* [Information shown]
╭──

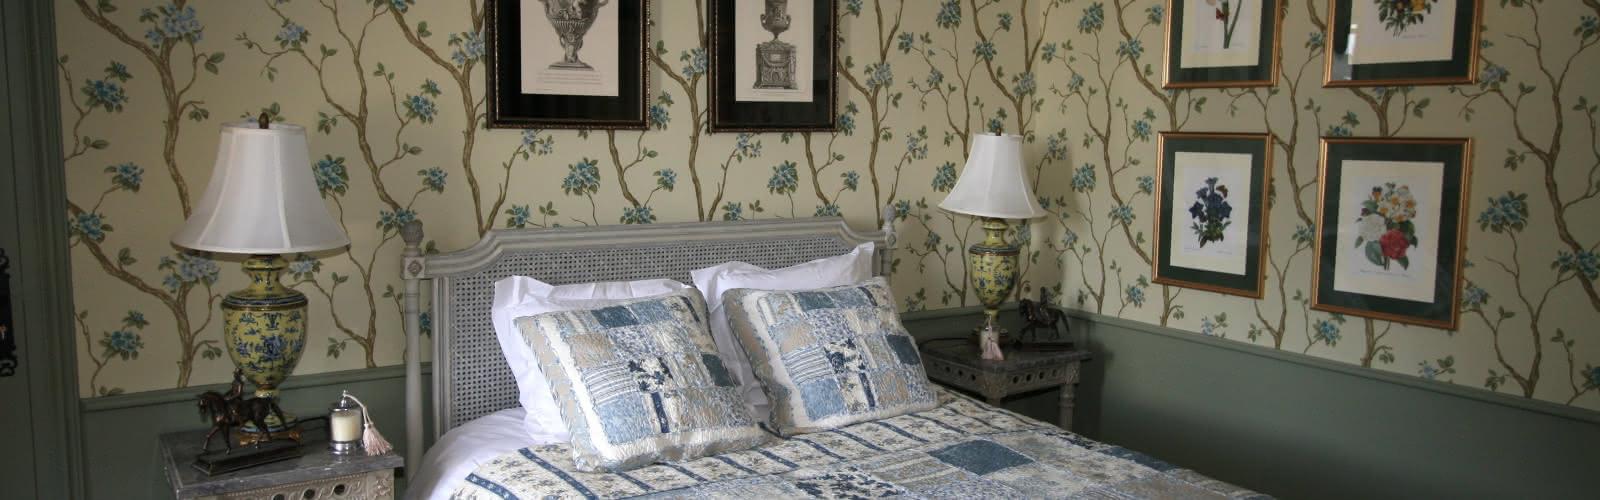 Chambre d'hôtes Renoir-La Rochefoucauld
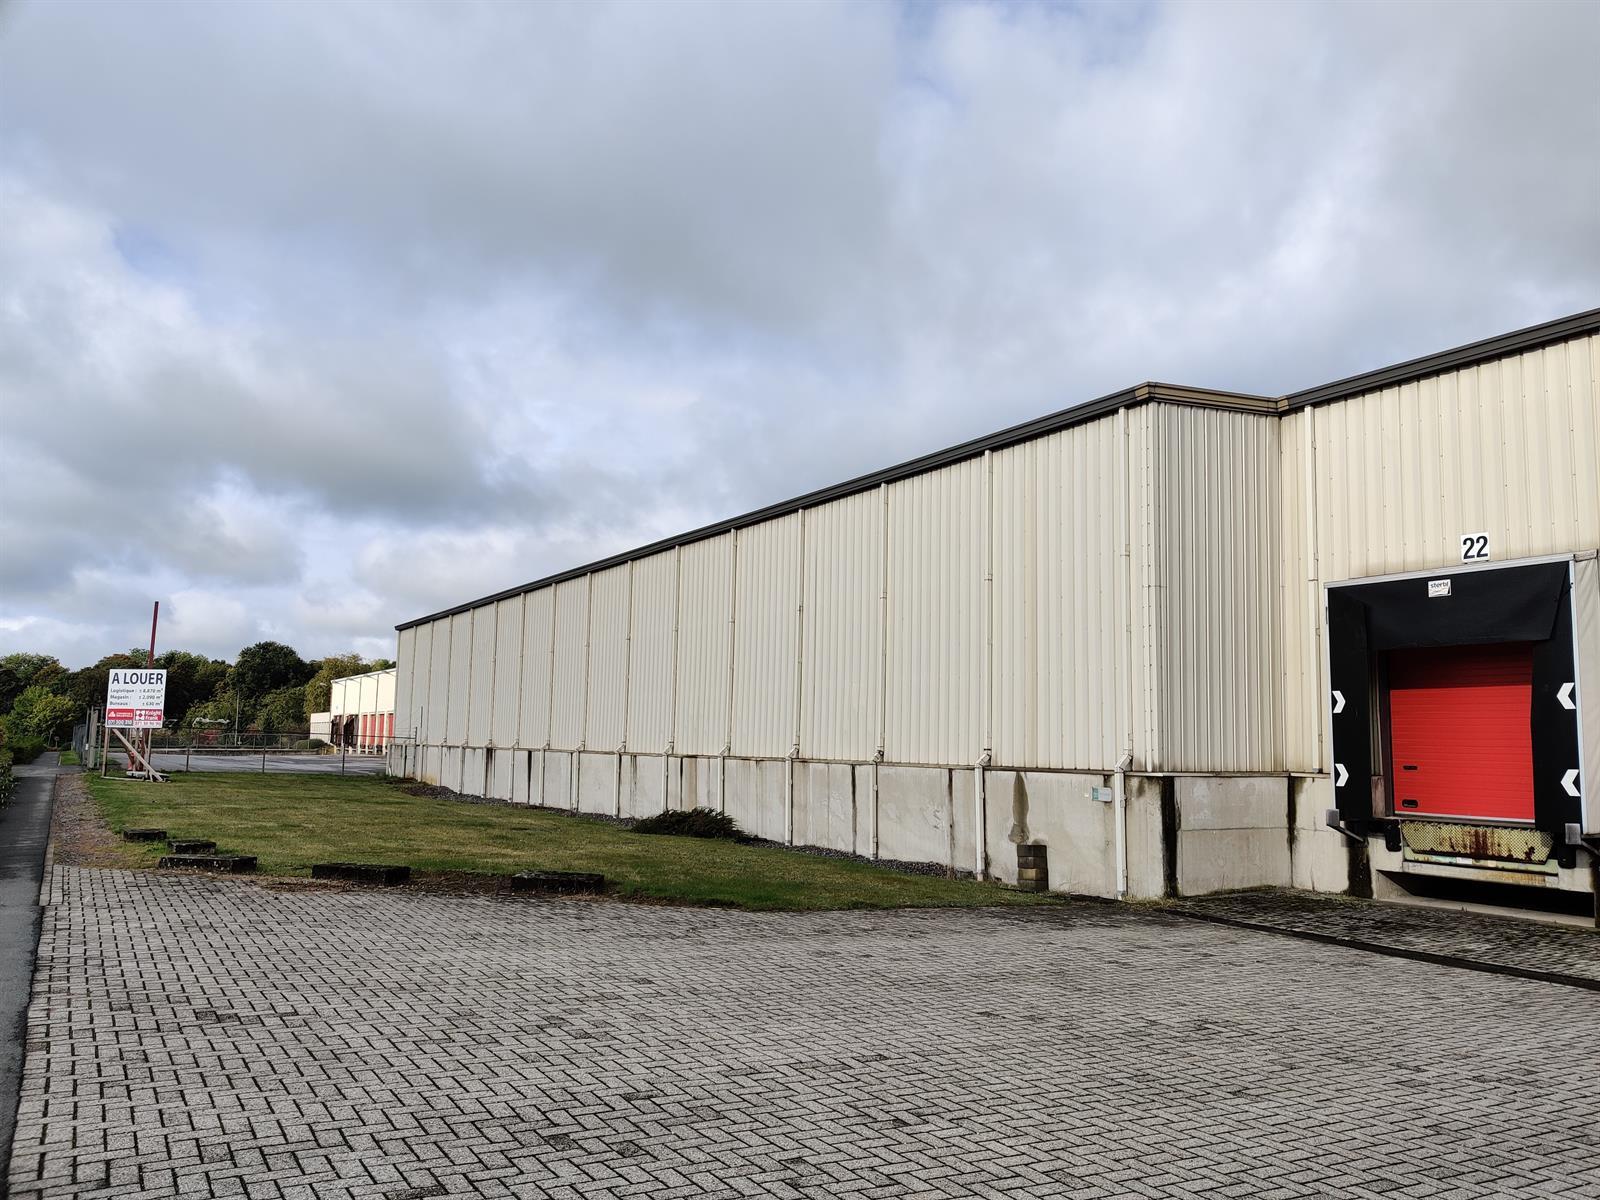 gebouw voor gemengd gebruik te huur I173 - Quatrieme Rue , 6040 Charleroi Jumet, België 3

╰──
╭──

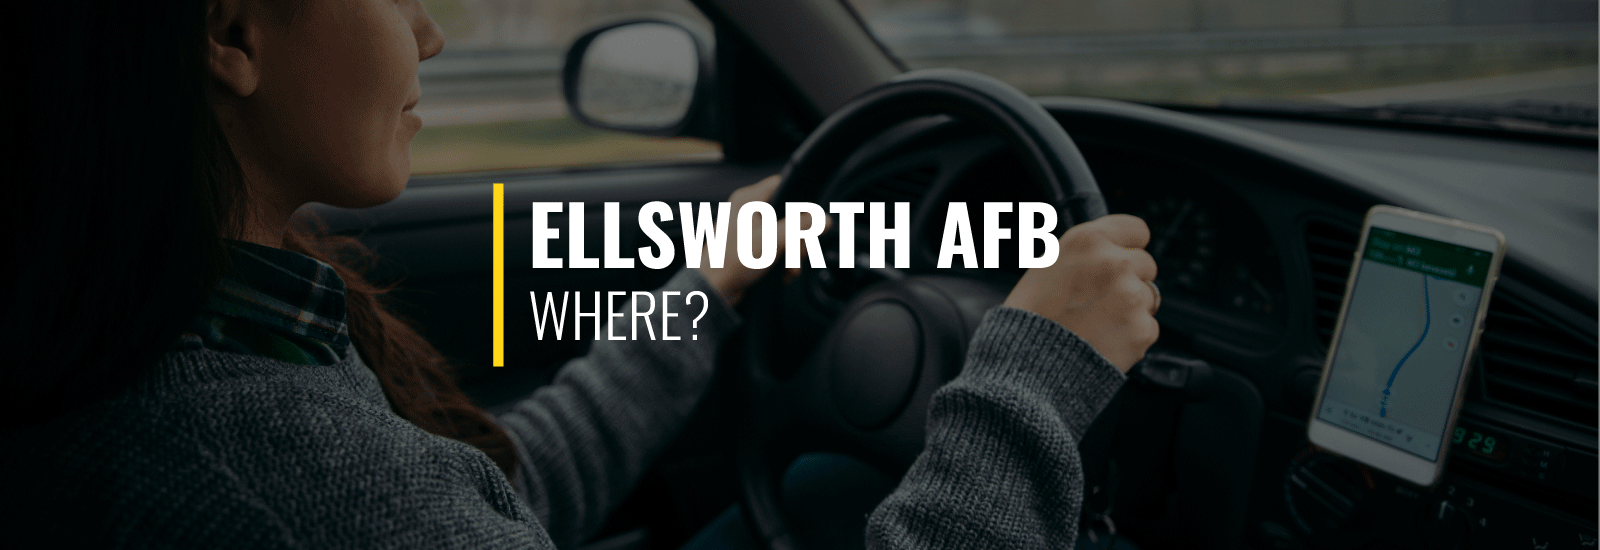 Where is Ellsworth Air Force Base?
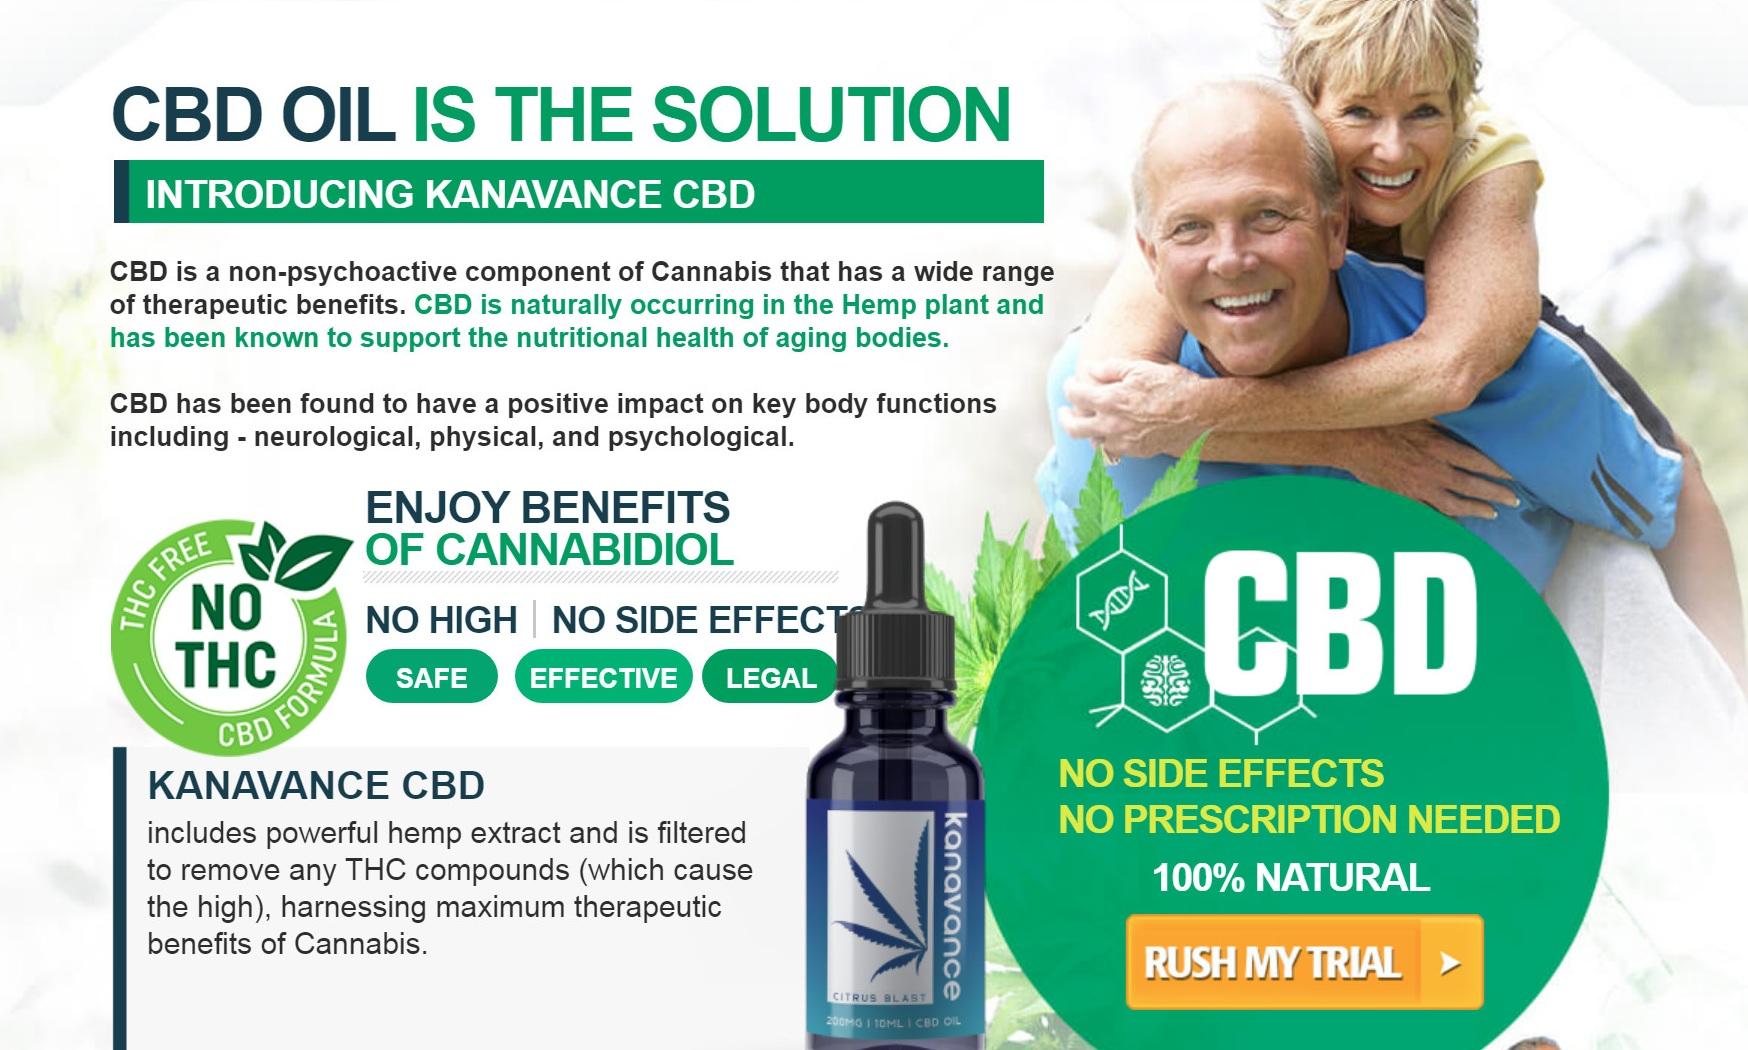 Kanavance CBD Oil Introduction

╰──

* [What this task involves] Each line above that falls between the line with "Where is Ellsworth Air Force Base?" and the line with "Kanavance CBD Oil Introduction" should be printed exactly, together with those two lines, but the pictures should not.

* [Written response]
 Where is Ellsworth Air Force Base?
 Kanavance CBD Oil Introduction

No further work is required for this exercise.